» **Data for this task**:
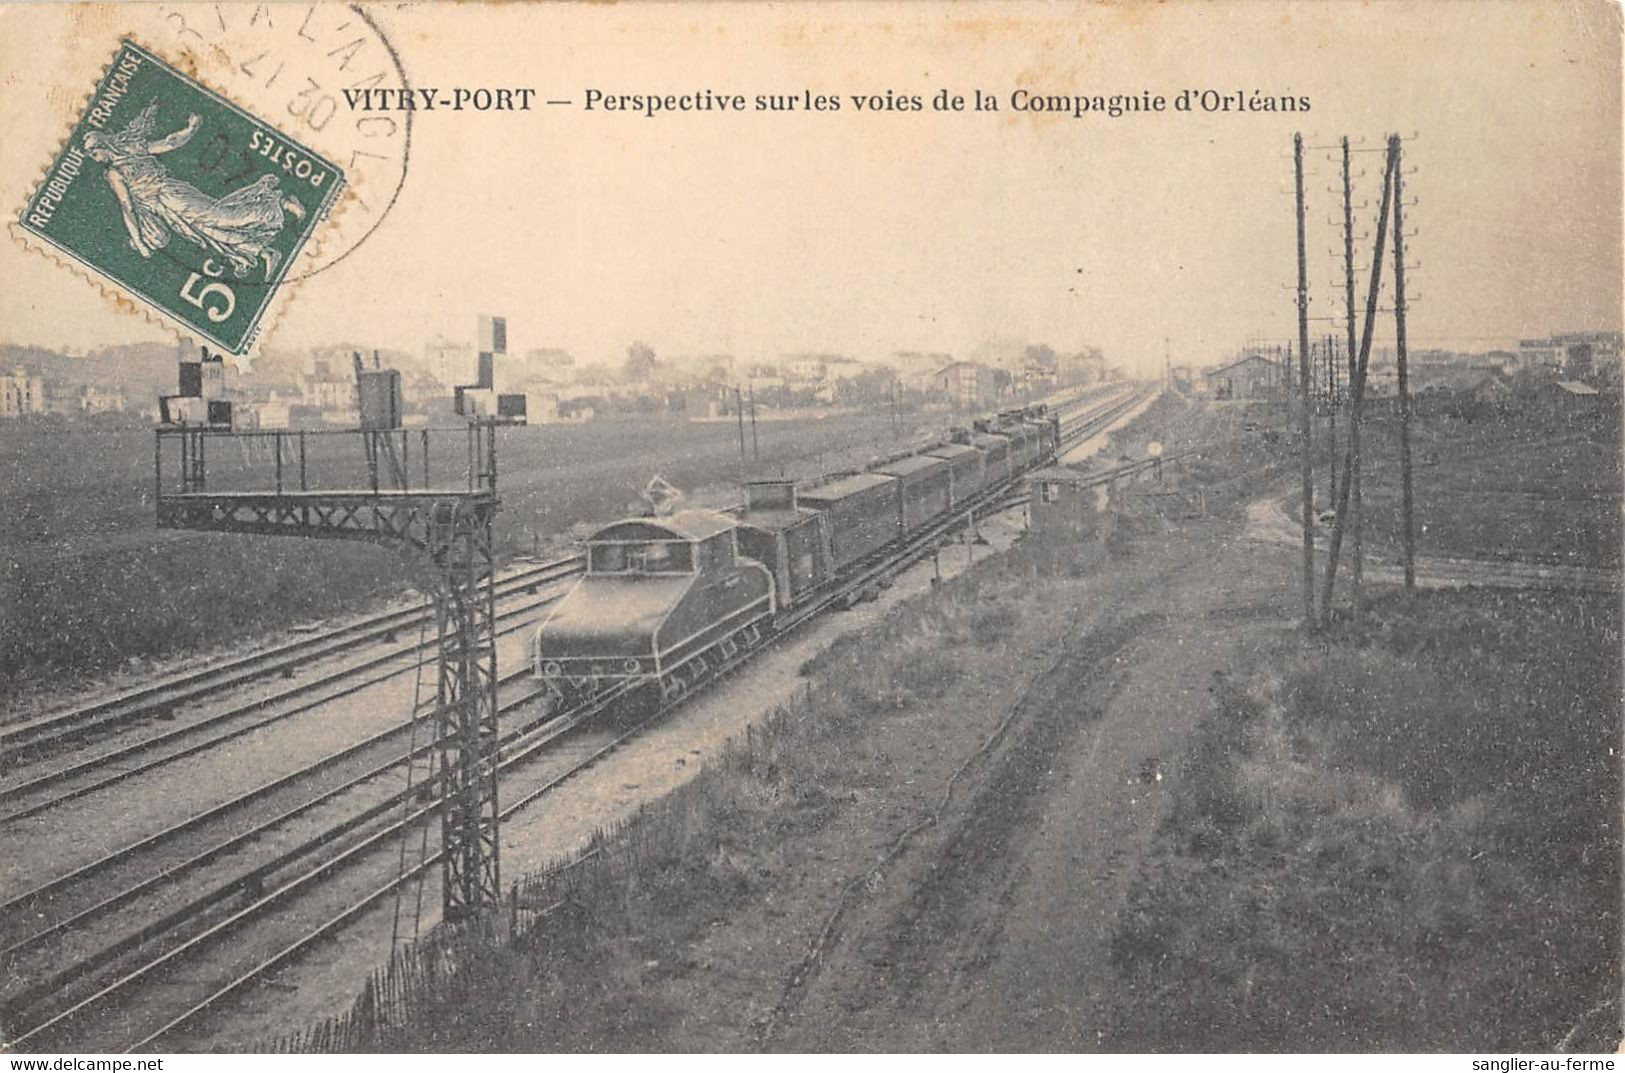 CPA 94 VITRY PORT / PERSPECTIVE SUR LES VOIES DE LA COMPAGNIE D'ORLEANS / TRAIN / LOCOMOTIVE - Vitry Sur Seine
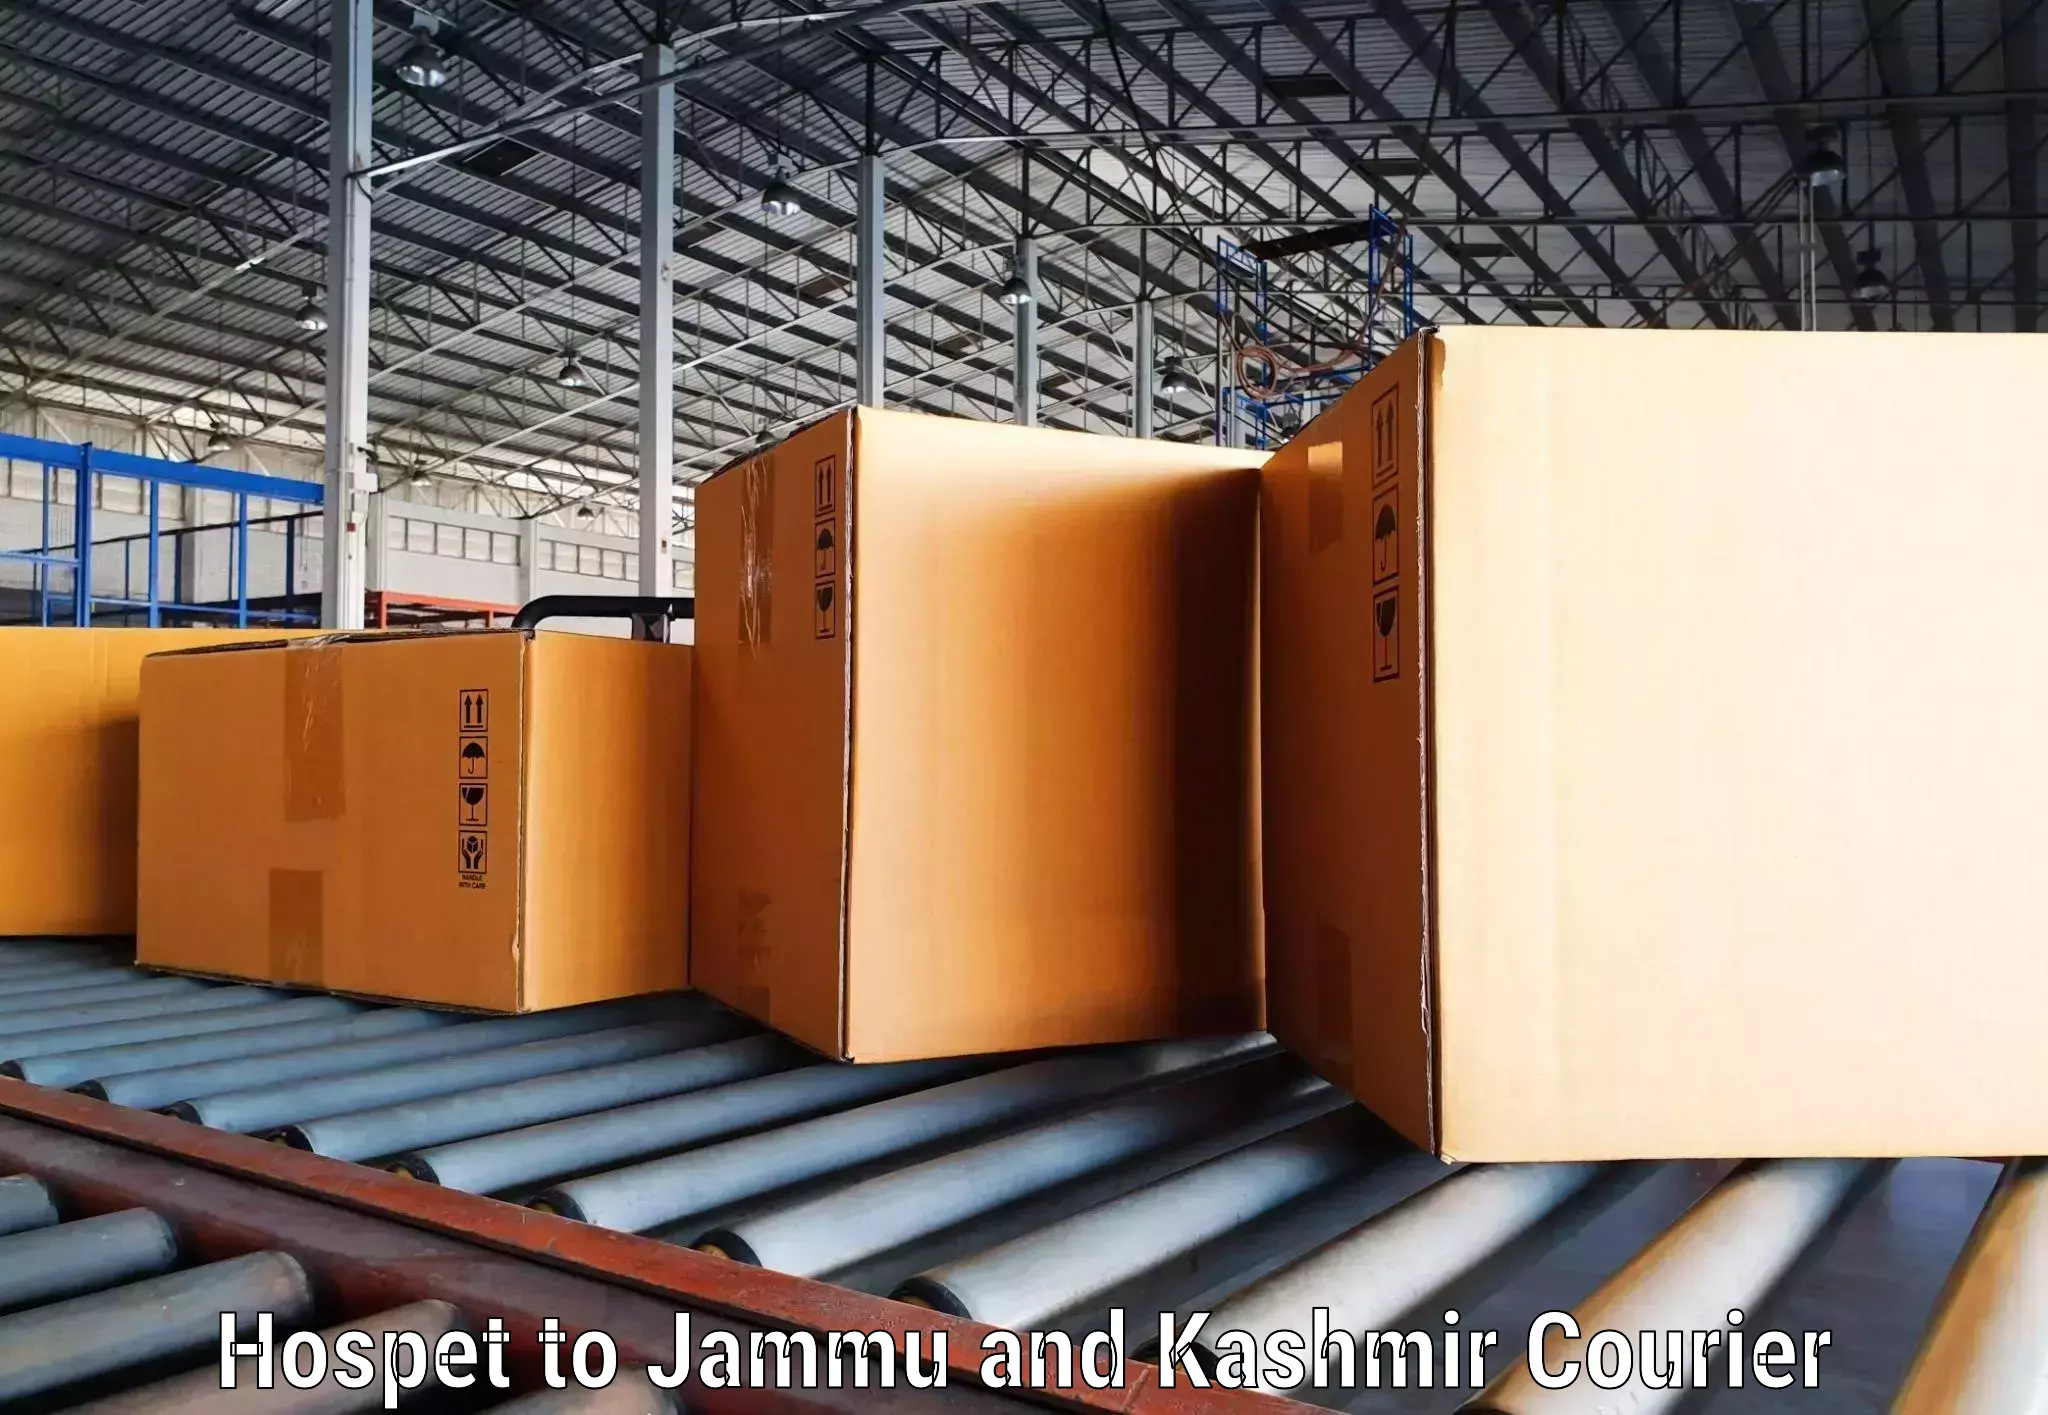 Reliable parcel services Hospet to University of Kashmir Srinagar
--
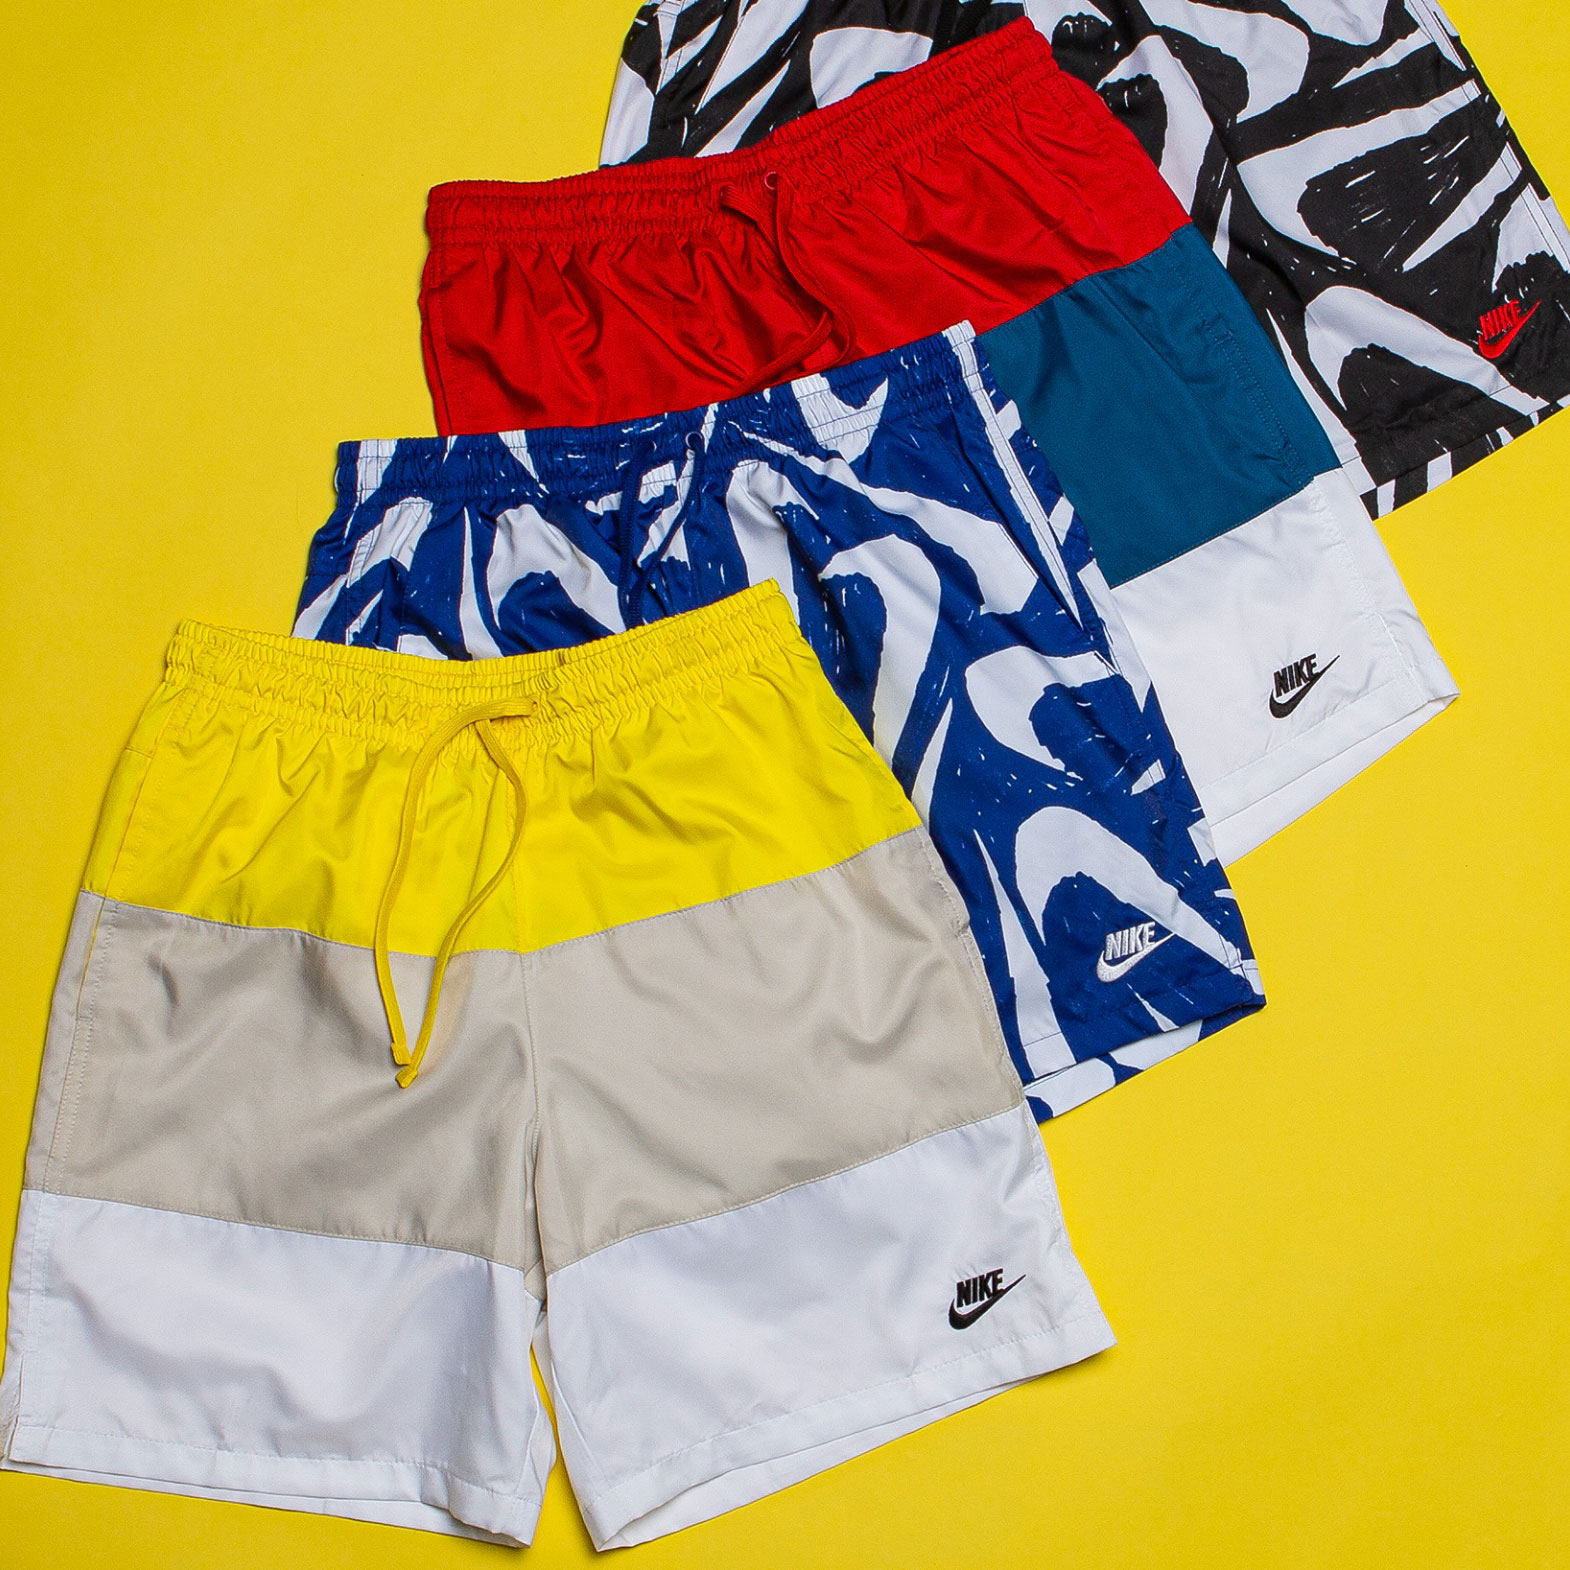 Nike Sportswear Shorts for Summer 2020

» **Aim of the task**: Nothing but the lines above from the one that has "CPA 94 VITRY" down to the one that has "Reliable parcel services" belongs in the answer, copied exactly, without pictures.

» **Answer to this problem**:
 CPA 94 VITRY PORT / PERSPECTIVE SUR LES VOIES DE LA COMPAGNIE D'ORLEANS / TRAIN / LOCOMOTIVE - Vitry Sur Seine
 Reliable parcel services Hospet to University of Kashmir Srinagar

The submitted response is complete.